» Prompt
An exact copy of the data is needed, but without any of its images.

» Data shown
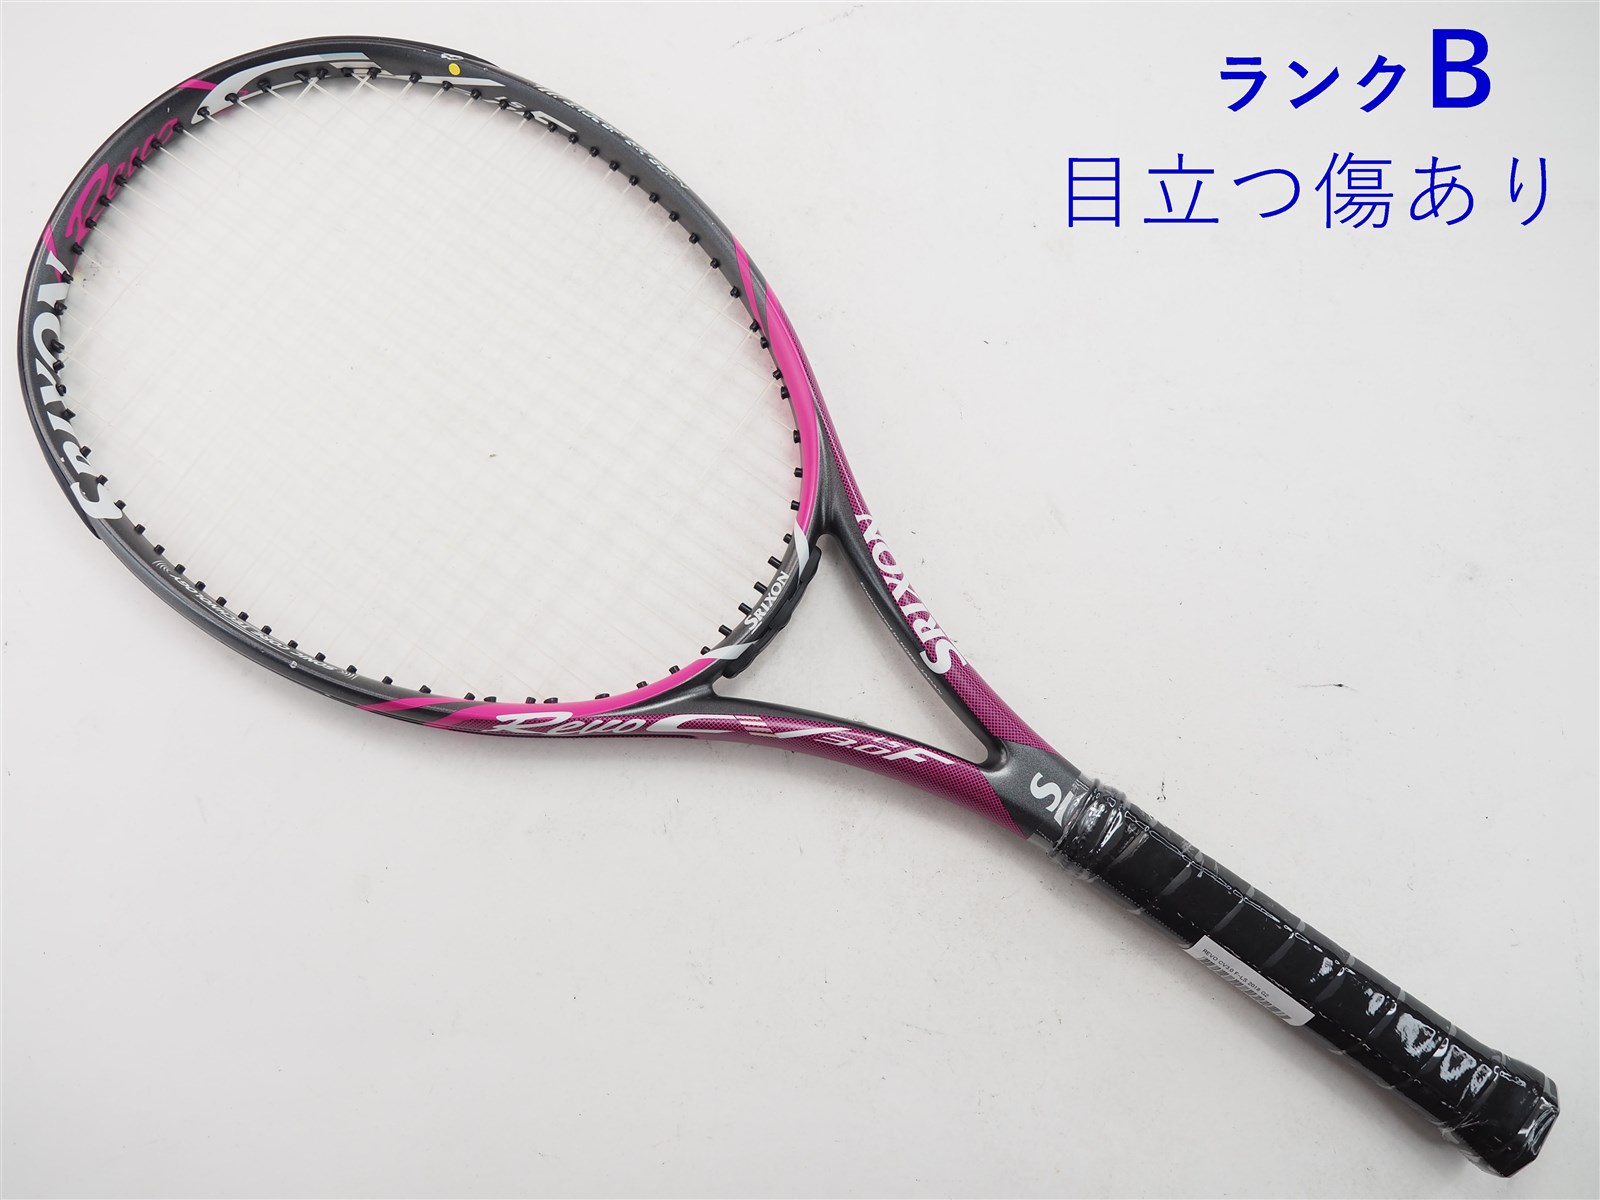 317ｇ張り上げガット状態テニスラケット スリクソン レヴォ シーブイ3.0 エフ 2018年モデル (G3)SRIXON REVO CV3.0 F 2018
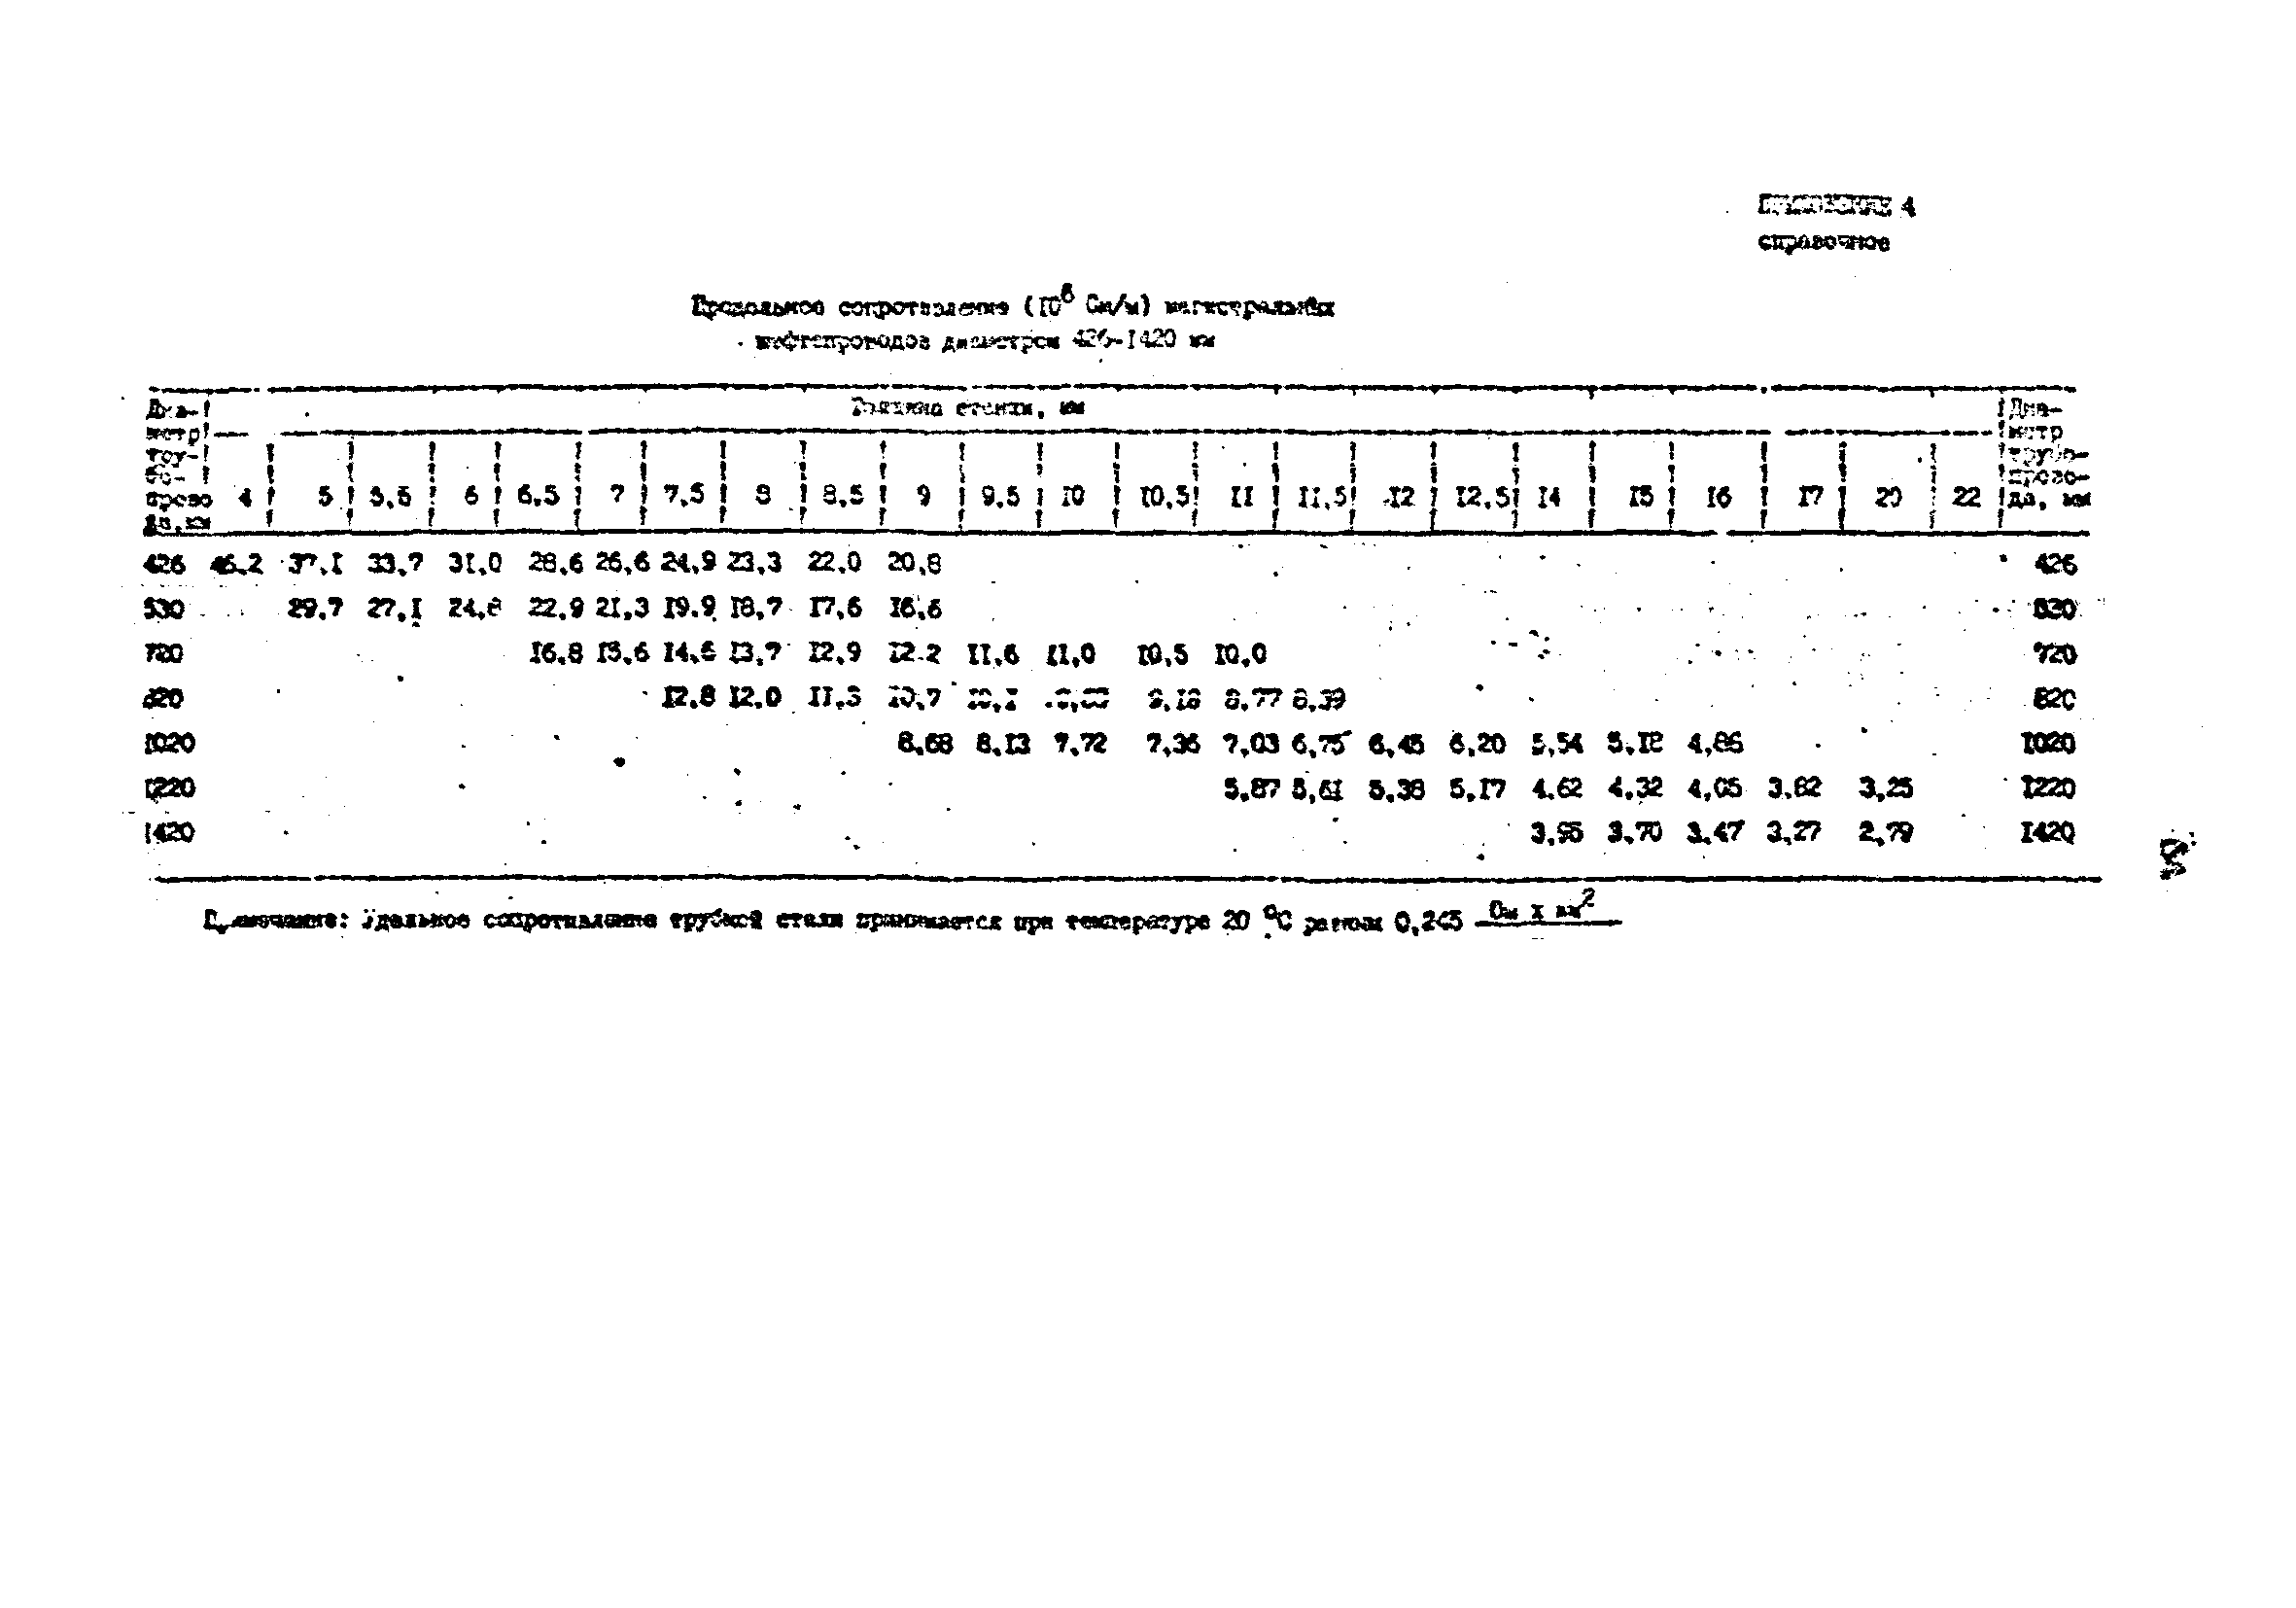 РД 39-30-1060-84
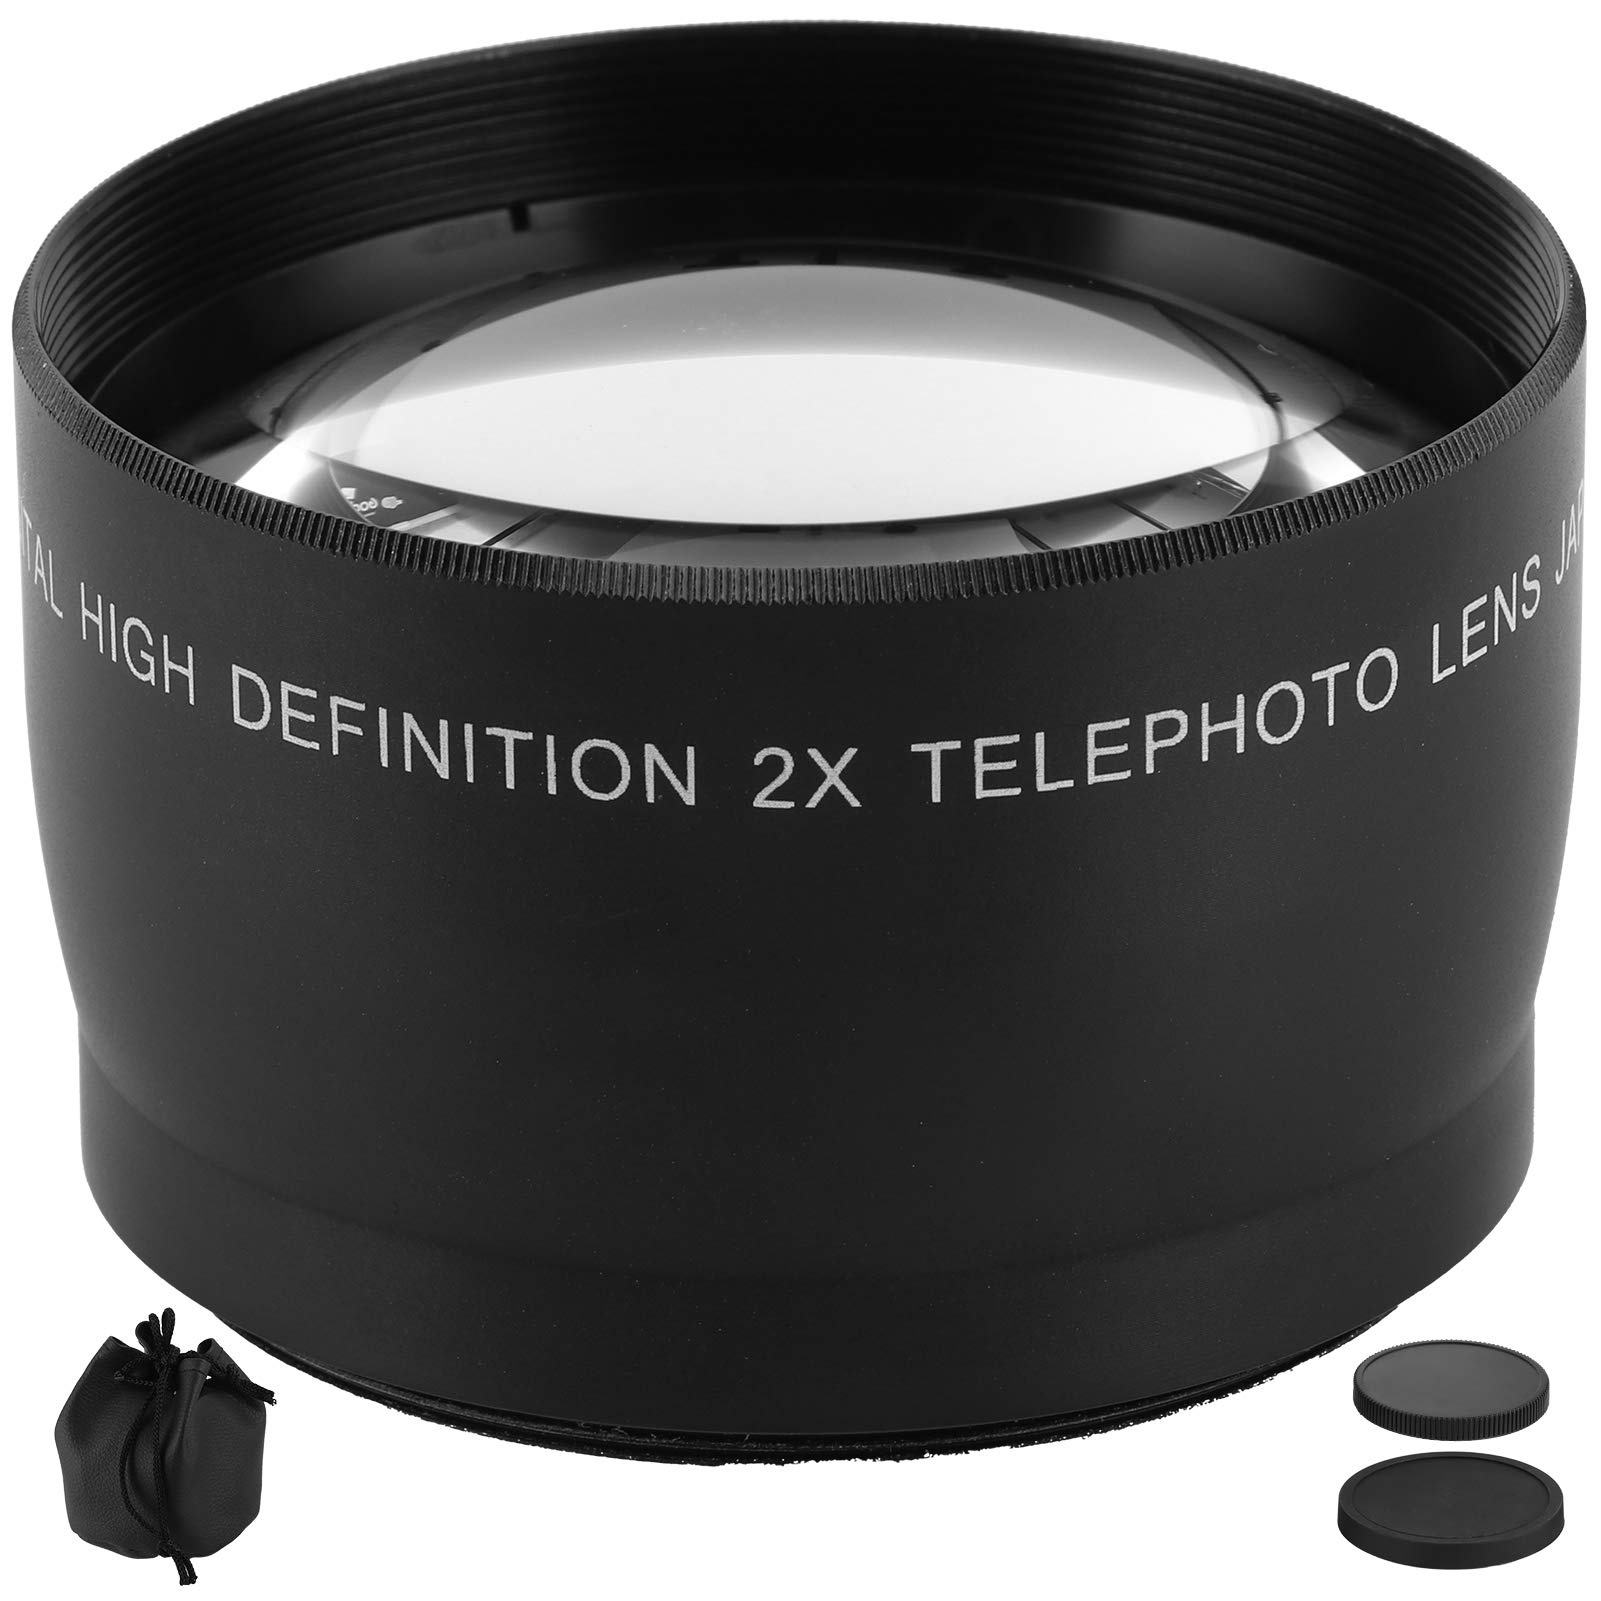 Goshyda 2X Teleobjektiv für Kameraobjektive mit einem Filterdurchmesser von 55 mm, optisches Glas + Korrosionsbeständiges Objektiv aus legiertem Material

» Reply to the task
 317ｇ張り上げガット状態テニスラケット スリクソン レヴォ シーブイ3.0 エフ 2018年モデル (G3)SRIXON REVO CV3.0 F 2018
 РД 39-30-1060-84
 Goshyda 2X Teleobjektiv für Kameraobjektive mit einem Filterdurchmesser von 55 mm, optisches Glas + Korrosionsbeständiges Objektiv aus legiertem Material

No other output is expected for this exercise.